Её зловещее имя витало в воздухе, как проклятие. Даже кот, ленивый и философский Филипп, убежал под шкаф после слов «мама приедет пожить».

Мария встала и прошлась по комнате. Её шаги были быстрыми, нервными, почти агрессивными.

— Саша, ты же сам говорил: мы наконец-то начнём жить для себя. Без этих бесконечных «мама сказала», «мама посоветовала», «мама обиделась»! Ты понимаешь, что она съест меня заживо? Как ты не видишь этого?

— Она просто поживёт немного, — тихо повторил он, словно мантру. — Это не навсегда.

— А ты спросил её, когда она планирует обратно в свою берлогу? Или она уже выбрала обои для нашей спальни?

— Не утрируй.

— Не утрируй?! Саша, она в прошлый раз пыталась переклеить магнитики на холодильнике по своему фэншую, чтобы «нечистая энергия» не скапливалась у дверцы! Как ты вообще можешь так легко это принимать?

— Она мама, Маша. Моя мама.

— А я кто? Стиралка с глазами? Или в лучшем случае — соседка по коммуналке, которой повезло мыть пол в её империи?
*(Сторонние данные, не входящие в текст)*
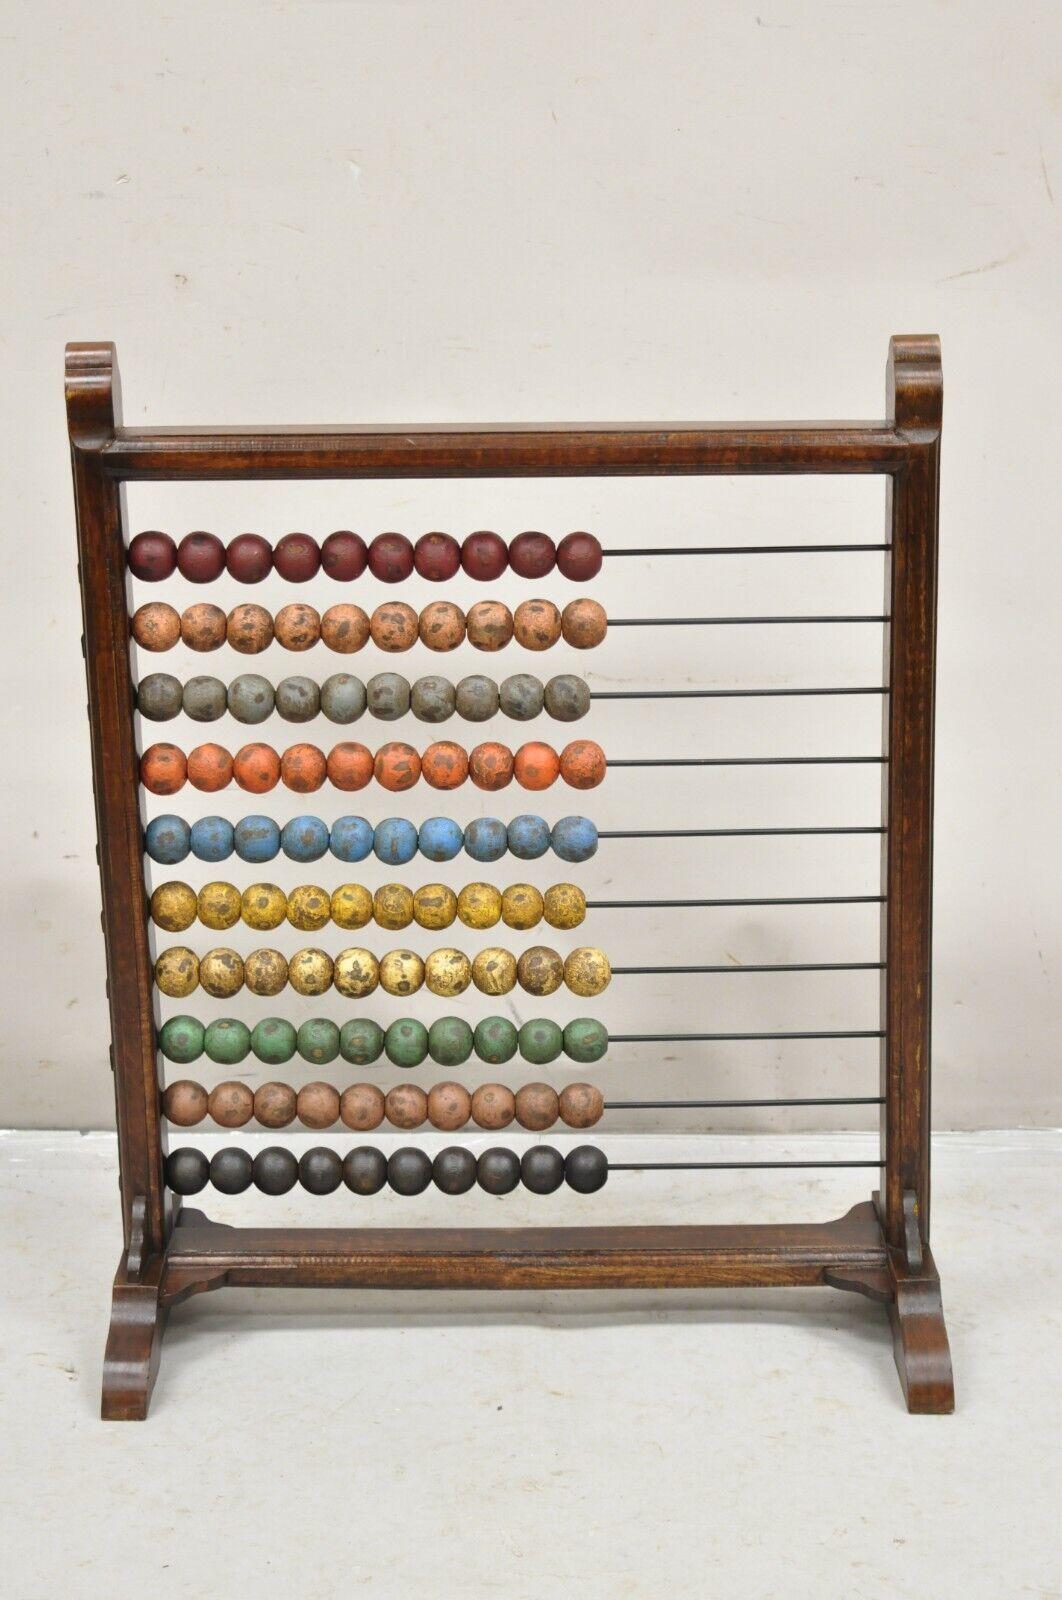 Large Vintage Mongolian Wooden Math Abacus with Painted Wooden Balls. Item features Painted wooden balls in red, pink, gray, orange, blue, yellow, green and brown. Circa Mid 20th Century, possibly older (age undetermined. Measurements: 28.5
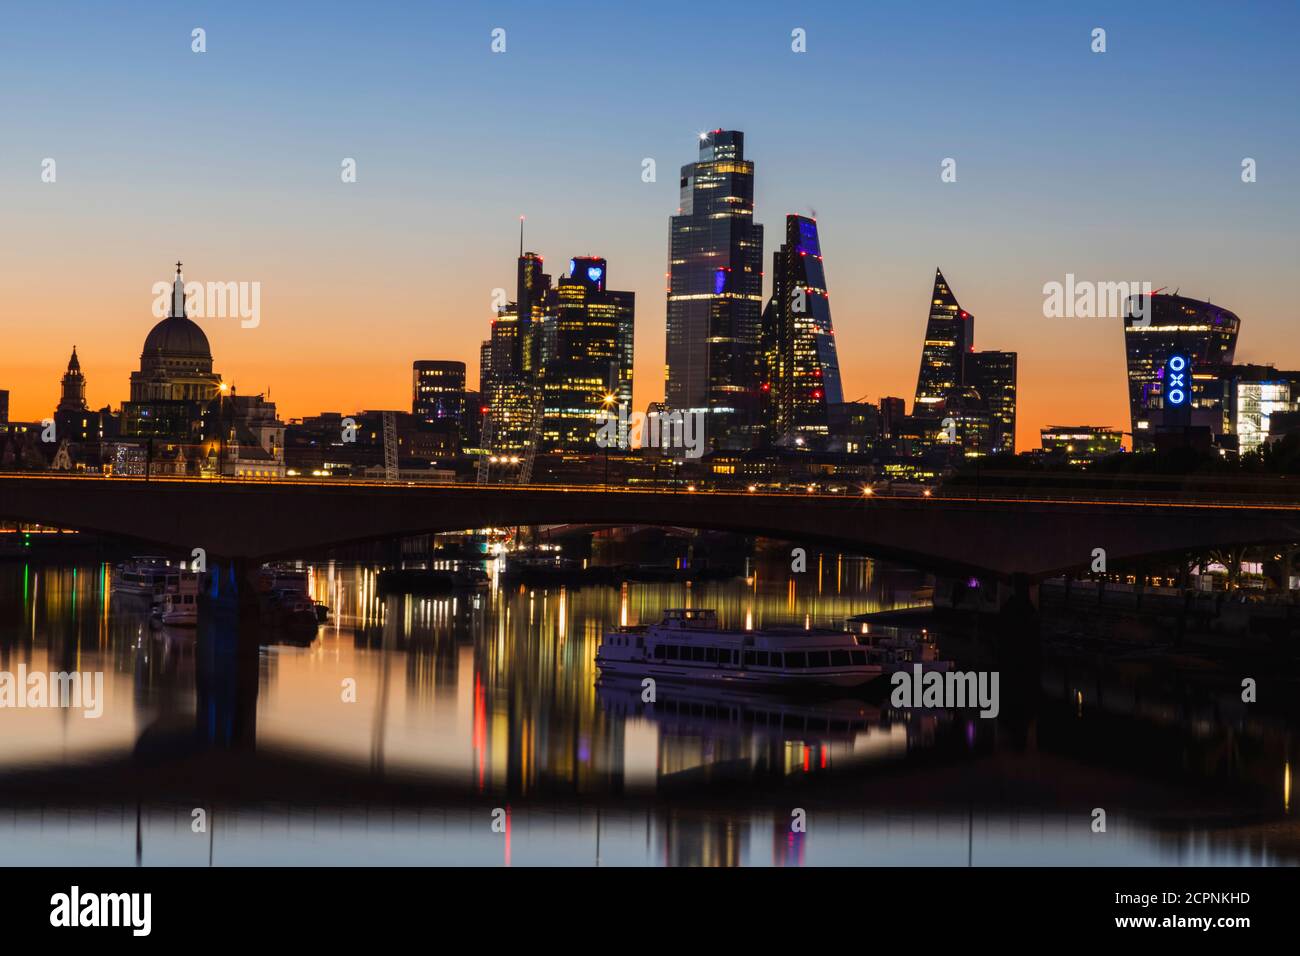 England, London, River Thames and City Skyline at Night Stock Photo

— Ты — моя жена. И мне очень тяжело между вами…

— Тяжело? А ты попробуй пожить с ней под одной крышей неделю. У тебя через три дня начнёт дергаться левый глаз, а через пять ты сожжёшь свой паспорт и попросишь политическое убежище в ванной.

Они замолчали. Саша присел на край стула и стал крутить в руках телефон.

— Я понимаю, ты злишься. Но ты же знаешь — у мамы нет никого, кроме меня…

— У неё есть пенсия, подруги в поликлинике и своя квартира, в которой она счастливо жила до того, как решила, что мы с тобой слишком счастливы.

— Это нечестно…

— Это правда. Ты же знаешь, я не вру. Даже когда мне это выгодно.

Он отвёл взгляд. Мария подошла ближе и села рядом, уже спокойнее. Плечо к плечу.

— Саш… я не против помочь. Я не ведьма. Но помогать — не значит дать человеку пульт от нашей жизни и сказать: «Командуйте, генерал». Она не просто к нам переедет. Она переедет вместо меня. Я это чувствую.

Он долго молчал, а потом медленно встал.

— Я обещаю, всё будет нормально. Дай ей шанс. Прошу тебя.

— Я ей уже давала шанс. Два раза. Первый — когда она притащила твои детские игрушки и пыталась расставить их на нашей тумбочке. Второй — когда она выбросила мои духи, потому что «у неё от них голова болит».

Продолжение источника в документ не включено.